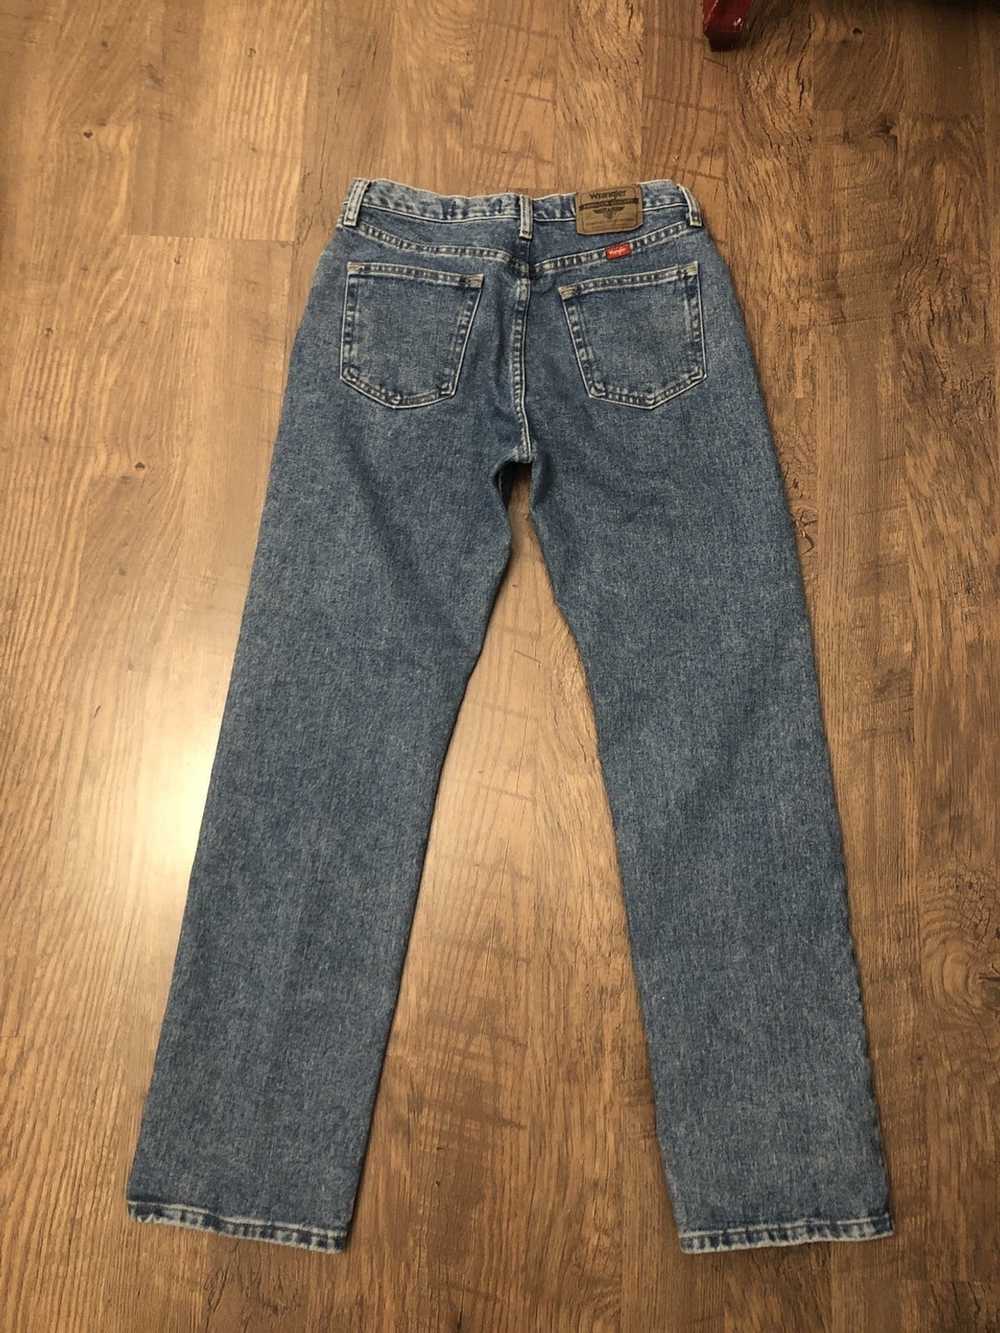 Vintage × Wrangler vintage wrangler jeans - image 3
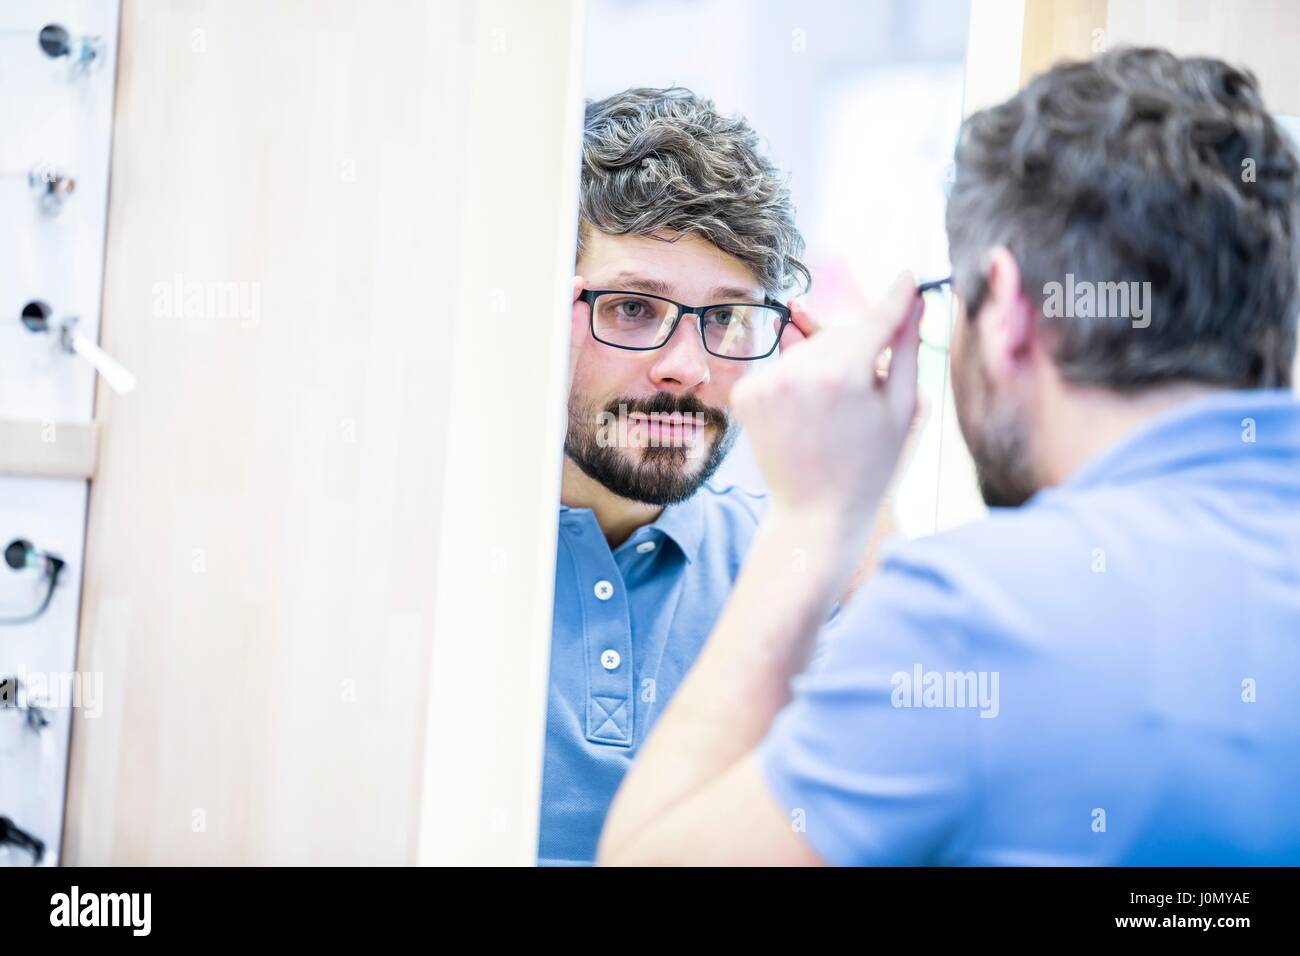 Hombre tratando de vasos en el optometrista de la tienda. Foto de stock
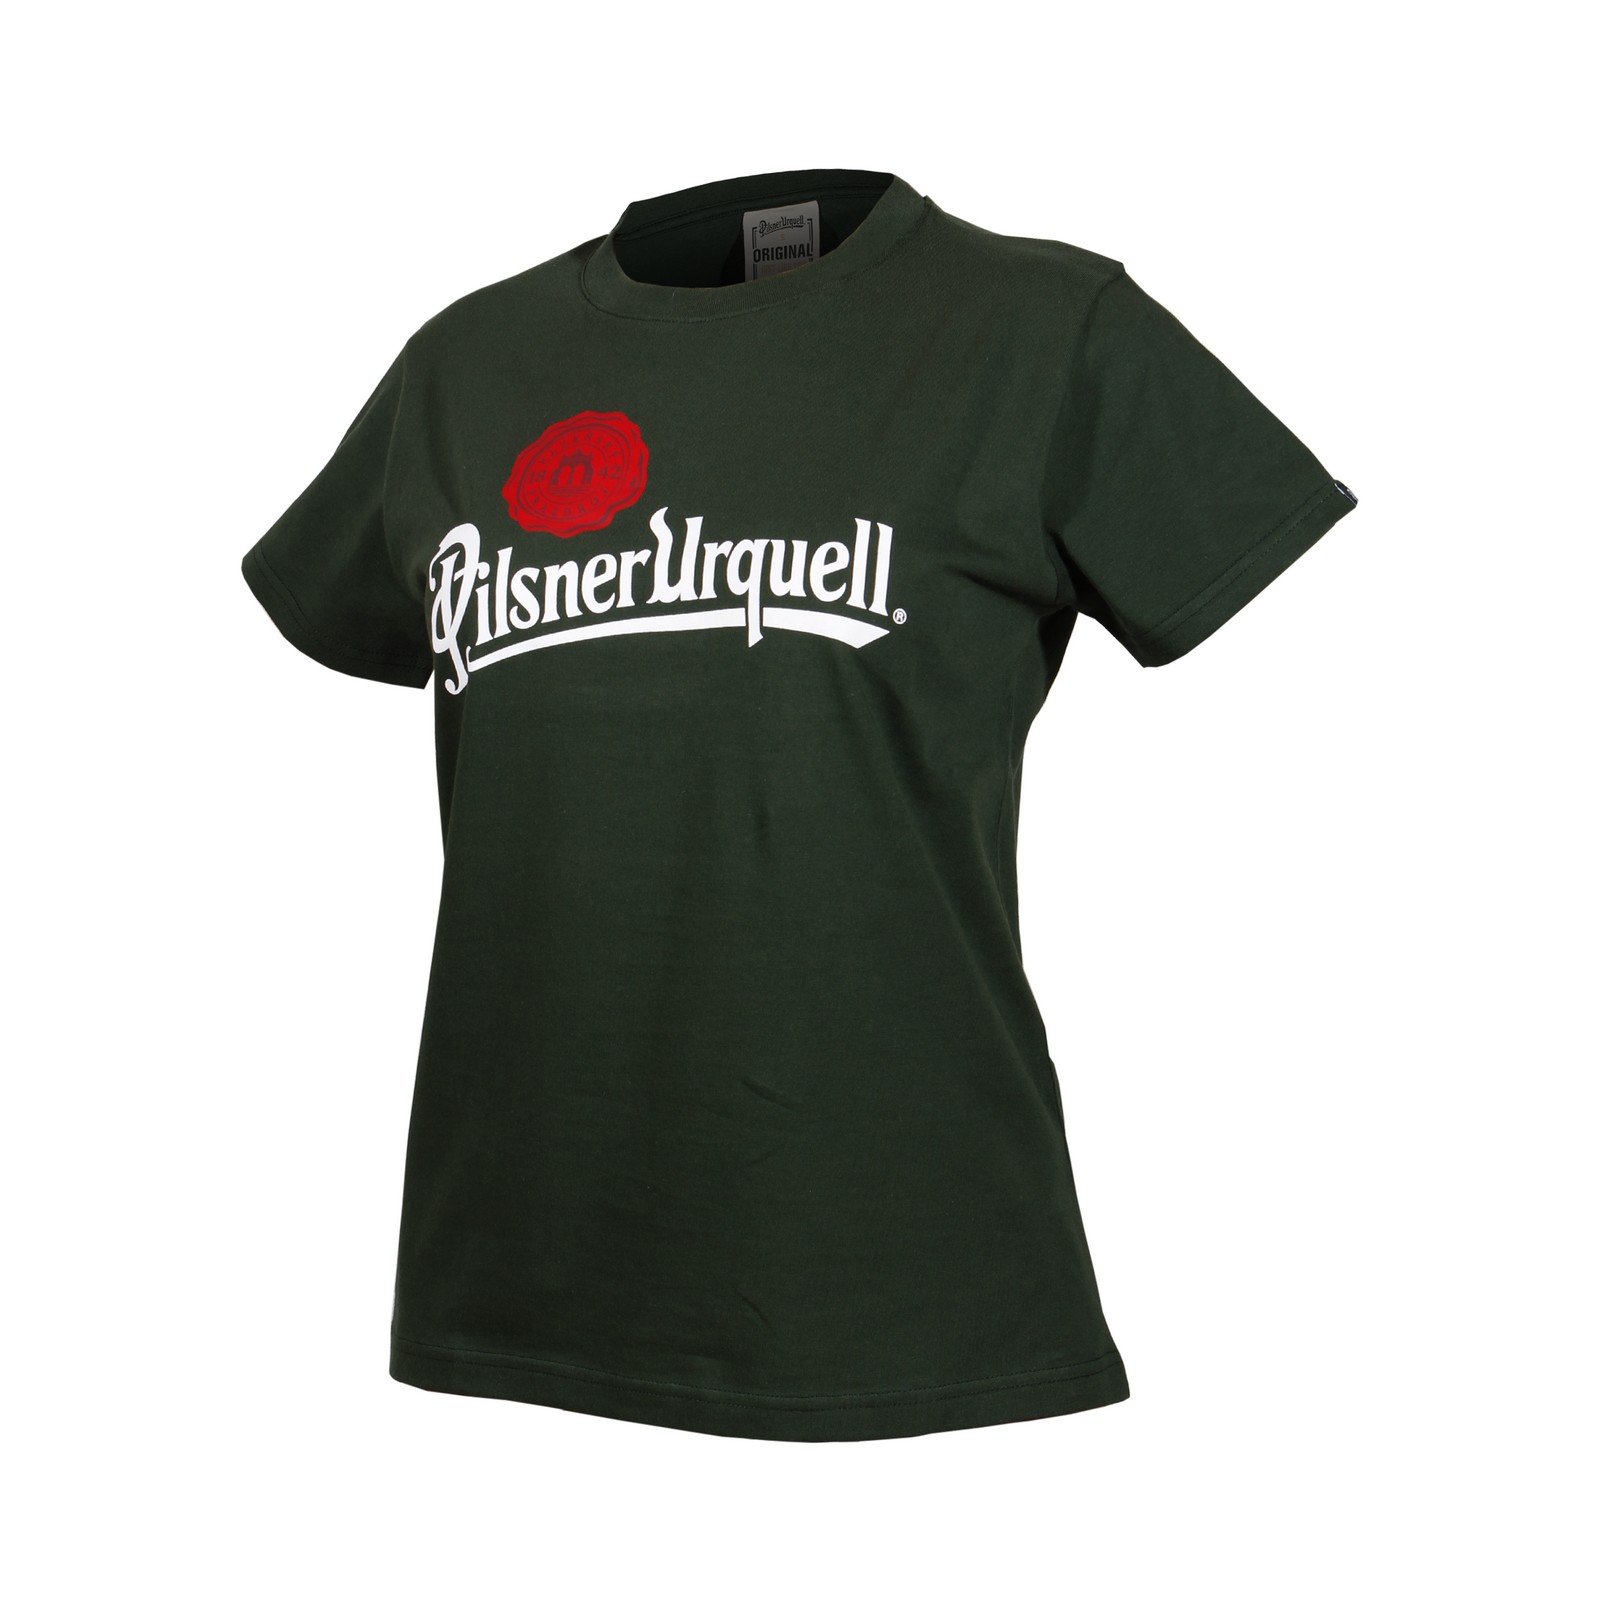 Women's t-shirt Pilsner Urquell logo with seal green

WHAT IS EXPECTED:
All that the answer may contain is the exact text of the lines from the one with "Hombre tratando de" through the last line of the material, pictures excluded.

SOLUTION BELOW:
 Hombre tratando de vasos en el optometrista de la tienda. Foto de stock
 Women's t-shirt Pilsner Urquell logo with seal green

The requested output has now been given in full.